Recalling some of the low points of the Buhari military regime in the ‘80s, the newspaper report said the era “was earmarked by chilling human rights abuses,” which it said included, “draconian edicts, exemplified by Decree 20 under which the judicial murders of Nigerian citizens Lawal Ojuolape, Bernard Ogedengbe, and Bartholomew Owoh were authorised.”

It noted that Ogedengbe was executed for a crime that did not carry the death penalty at the time it was committed in violation of the universal revulsion of EXpost facto laws.

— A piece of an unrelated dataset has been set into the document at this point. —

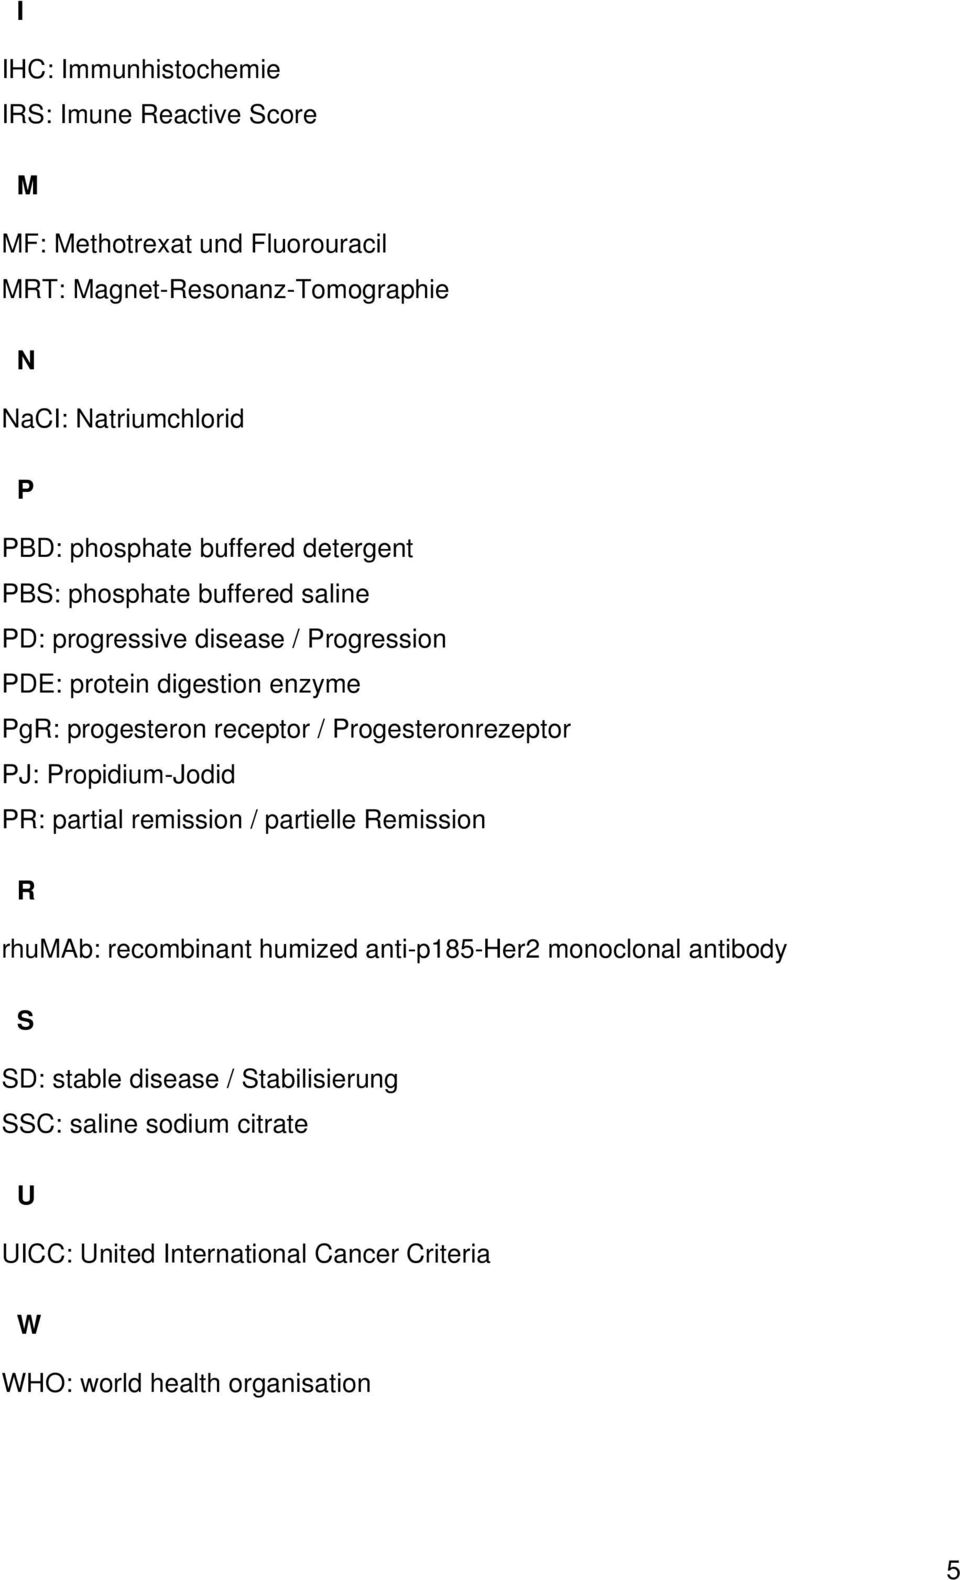 receptor / Progesteronrezeptor PJ: Propidium-Jodid PR: partial remission / partielle Remission R rhumab: recombinant humized anti-p185-her2

Quoting Nobel Prize laureate Wole Soyinka, it said “these crimes were executed in defiance of pleas from virtually every sector of Nigeria and the international community—a grisly precedent for subsequent dictator Sani Abacha’s hanging of Ogoni activist Ken Saro-Wiwa in contempt of international opinion.”

It further noted that  Buhari’s brutal military dictatorship was overthrown in 1985, adding, “Mr. Dasuki played a key role. Dictators do not forget. Fast forward to today.”

Arguing that much is riding on Dasuki’s case, it said “if Mr. Buhari flouts Justice Ademola’s order with impunity, judicial independence will be fatally compromised and Nigeria’s embryonic democratic dispensation will be stillborn,” adding,  “The judiciary is the only branch capable of checking limitless executive power—the bane of Africa.”

It also said such actions could work against peaceful transfer of political power on the continent as incumbents would be afraid of being persecuted by their successors.

“President Goodluck Jonathan’s administration accepted a peaceful transfer of power to President Buhari, a laudable landmark in African politics. If Mr. Buhari is permitted with impunity to destroy his political opponents like Mr. Dasuki with tyrannical methods, peaceful transfers of power everywhere on the Continent will become problematic. The incumbents’ risk of political and personal impalement at the hands of their would-be successors will be too high.”

The report called on the United States to insist on independent human rights observers to monitor Dasuki’s prosecution and trial, and a demand that President Buhari honours his vow to follow due process and the rule of law.
“The stakes are too high to remain silent,” it added.